How Industry 4.0 could spell the end of unnecessary maintenance

Colin Crow, managing director of digital transformation specialist Sigma Dynamics.

Now, more than ever, manufacturers who have harnessed the power of cutting-edge maintenance technology will be reaping the benefits. This certainly applies in the UK’s glass manufacturing industry, where record demand coming as a result of the lockdown-induced home improvement boom has put pressure on supply chains and production lines.

Being able to operate in a responsive, agile manner, increasing efficiency wherever possible is key to success. With exceptional demand already stretching lead-in times, any additional delay in production could prove costly indeed. Disruption caused by unnecessary equipment maintenance is, therefore, particularly unwelcome.

Senior maintenance engineers know only too well that down-time costs money and can have a knock-on effect throughout the business, hampering productivity, blighting customer satisfaction, damaging reputation and, ultimately, harming profits. To mitigate these risks, preventative plant maintenance is vital.

But while the preventative approach is designed to avoid major equipment failures, and the disruption that comes with them, it can also waste resource. Preventative maintenance leads many manufacturers to set maintenance schedules at shorter-than-necessary intervals, to ensure failures do not occur. Maintaining equipment when you don’t need to, however, costs money. So, what’s the alternative? How can businesses achieve ‘just right’ maintenance?

The answer lies in employing the right combination of self-diagnosing devices, 4G and 5G technology, big data, machine learning and AI technologies to optimise maintenance, swap-out and retirements.

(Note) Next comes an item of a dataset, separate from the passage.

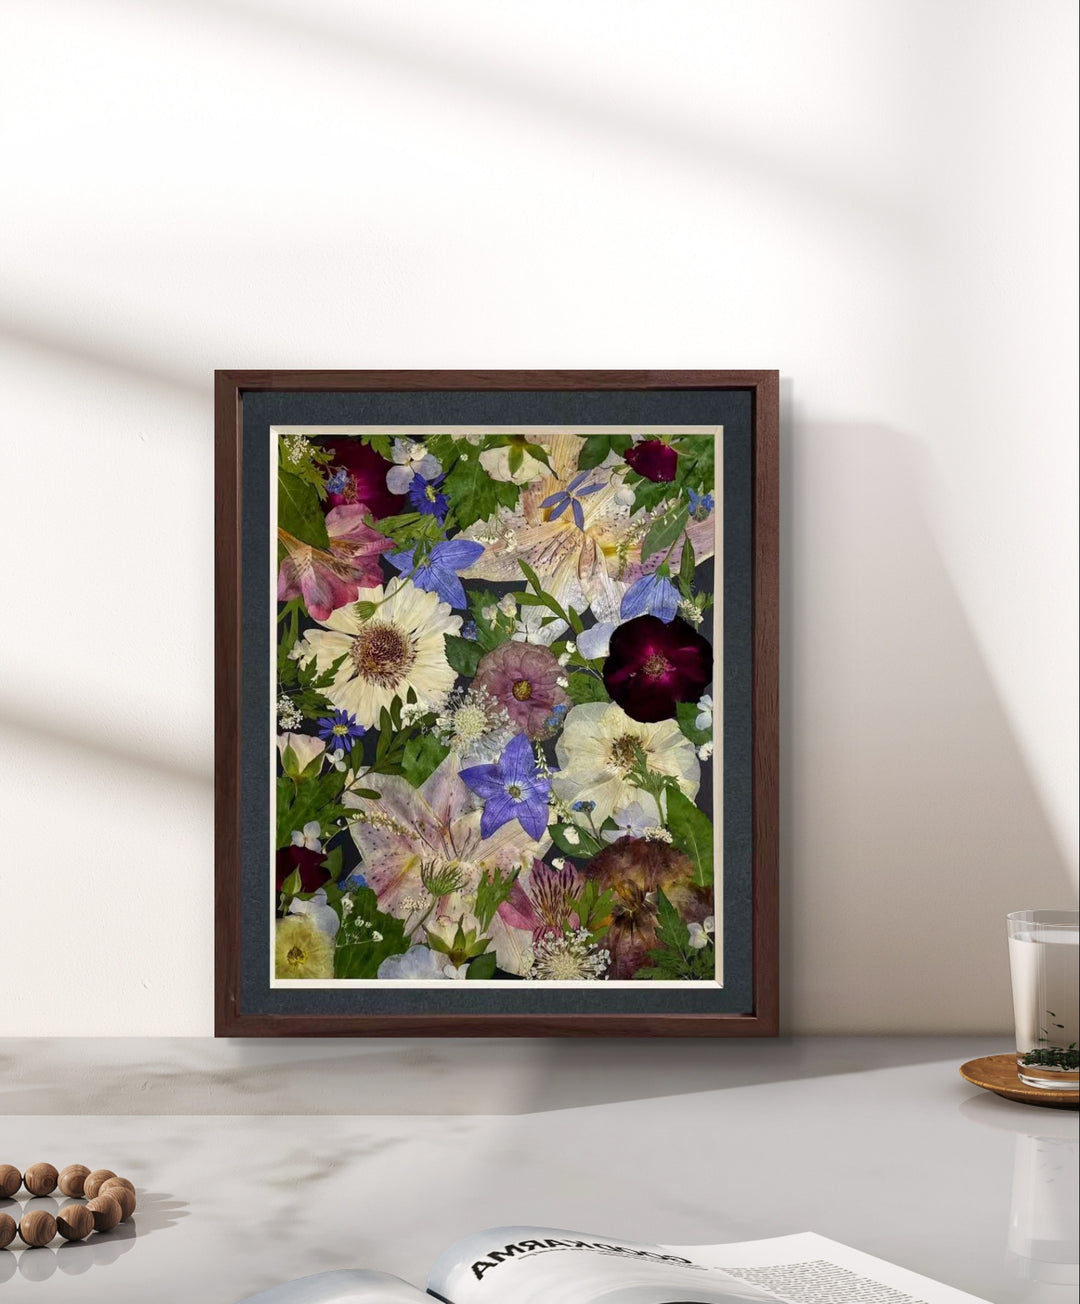 Sparkle stars theme 11 inches width 12.5 inches height pressed flower frame art stands on the table.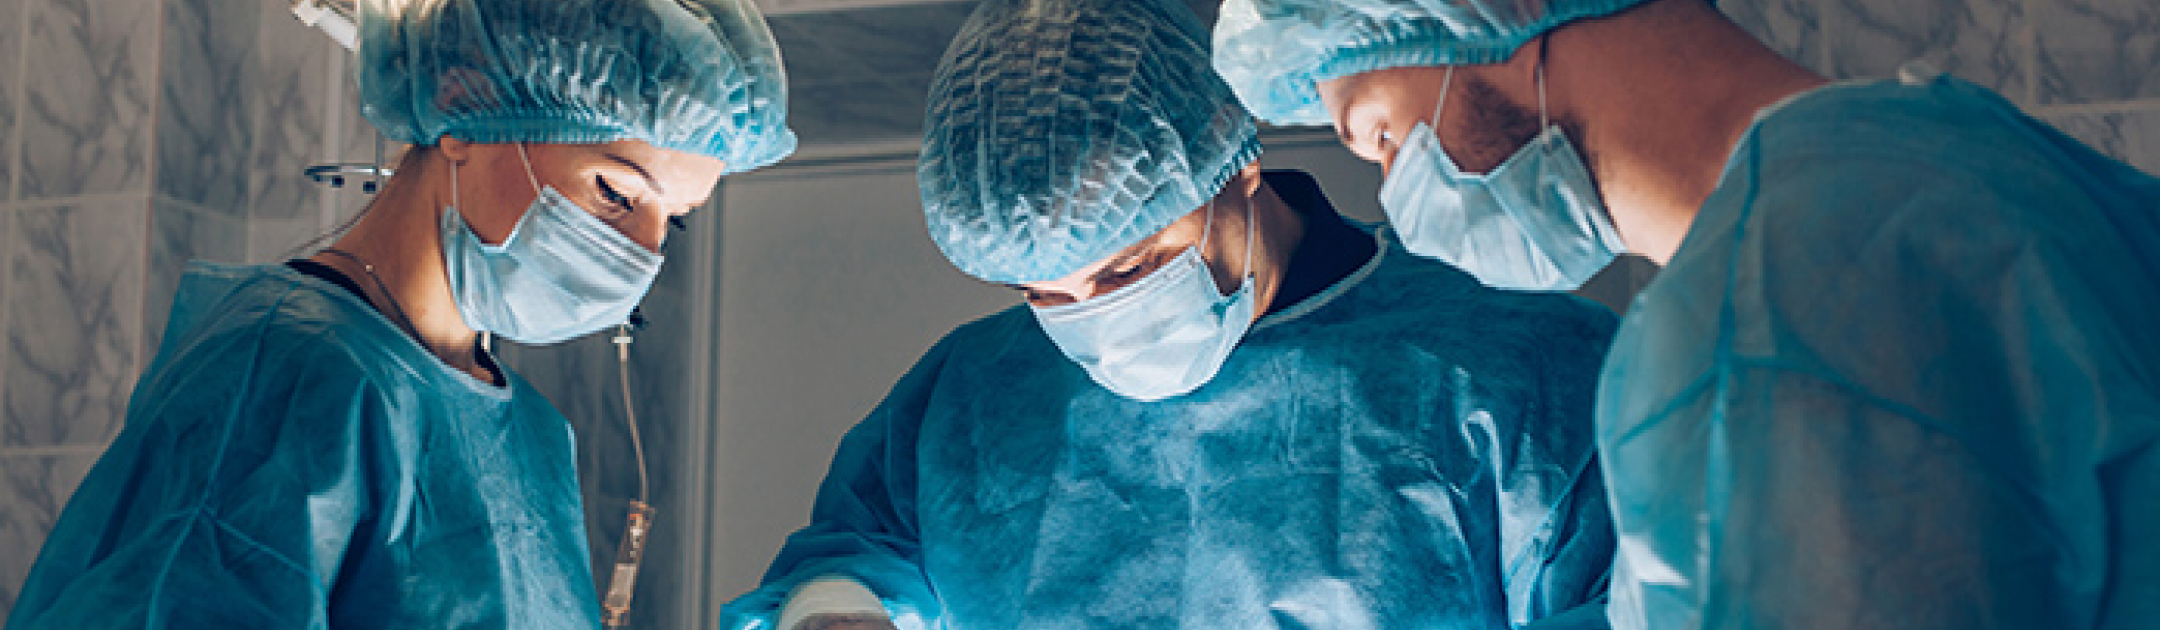 Three surgeons in an operating room

Using tech in this way will also enable maintenance teams to focus only on the site visits that add value.

This may sound daunting but, thanks to the new generation of ERP software platforms, it’s never been easier to implement technology and move away from expensive and time-consuming maintenance schedules.

With engineering teams spending as much as 25% of their time maintaining equipment that doesn’t need servicing, a move to predictive, self-diagnosing tech has obvious benefits.

Modern devices tell you their health, let you know when they are in trouble, and provide important feedback such as cycle time and environmental conditions. They also provide data that allows you to determine when a device may fail, when it needs servicing and when it should be left alone.

Predictive maintenance means that, with the help of AI, data analysis and machine learning, you can base decisions on the real-time data that your self-diagnosing devices produce.

The advantages are numerous here. Targeting predicted failures before they happen keeps production rolling, achieving positive results for both internal and external customers. At the same time, avoiding unnecessary maintenance work saves time and money.

On top of this, today’s self-diagnosing tech also tells you when it’s time to swap out and when it’s time to retire apparatus, with greatly improved accuracy.

Digitally optimised maintenance shouldn’t happen in silo. It should exist as part of a connected enterprise, which connects technology, processes and people across the entirety of the business. This helps to unearth a whole new level of insight, regarding the way in which each element of the business impacts upon overall performance.

Connecting across functions in this manner leads to joined up data, shared processes and understanding. This constantly refreshed intelligence can then be turned into action, with the results clear to see via shared reporting dashboards.

Digital transformation should be a phased process, an evolution of a business’s existing systems and processes.

It’s certainly not a case of out with the old and in with the new overnight. There’s no need to break the bank to achieve big results, either. In the maintenance arena, existing equipment can often be upgraded, to enable data collection and analysis. Current data platforms can be migrated across into AI and analytics-friendly systems, and new tech can be integrated into existing IT platforms.

Most importantly, specialist providers are available to manage every stage of the process smoothly and efficiently, based on the best practice solutions for your sector.

As glass manufacturers continue to switch on to the power of tech to optimise their operations, now and in the future, it’s vital that the maintenance function is part of this digital revolution.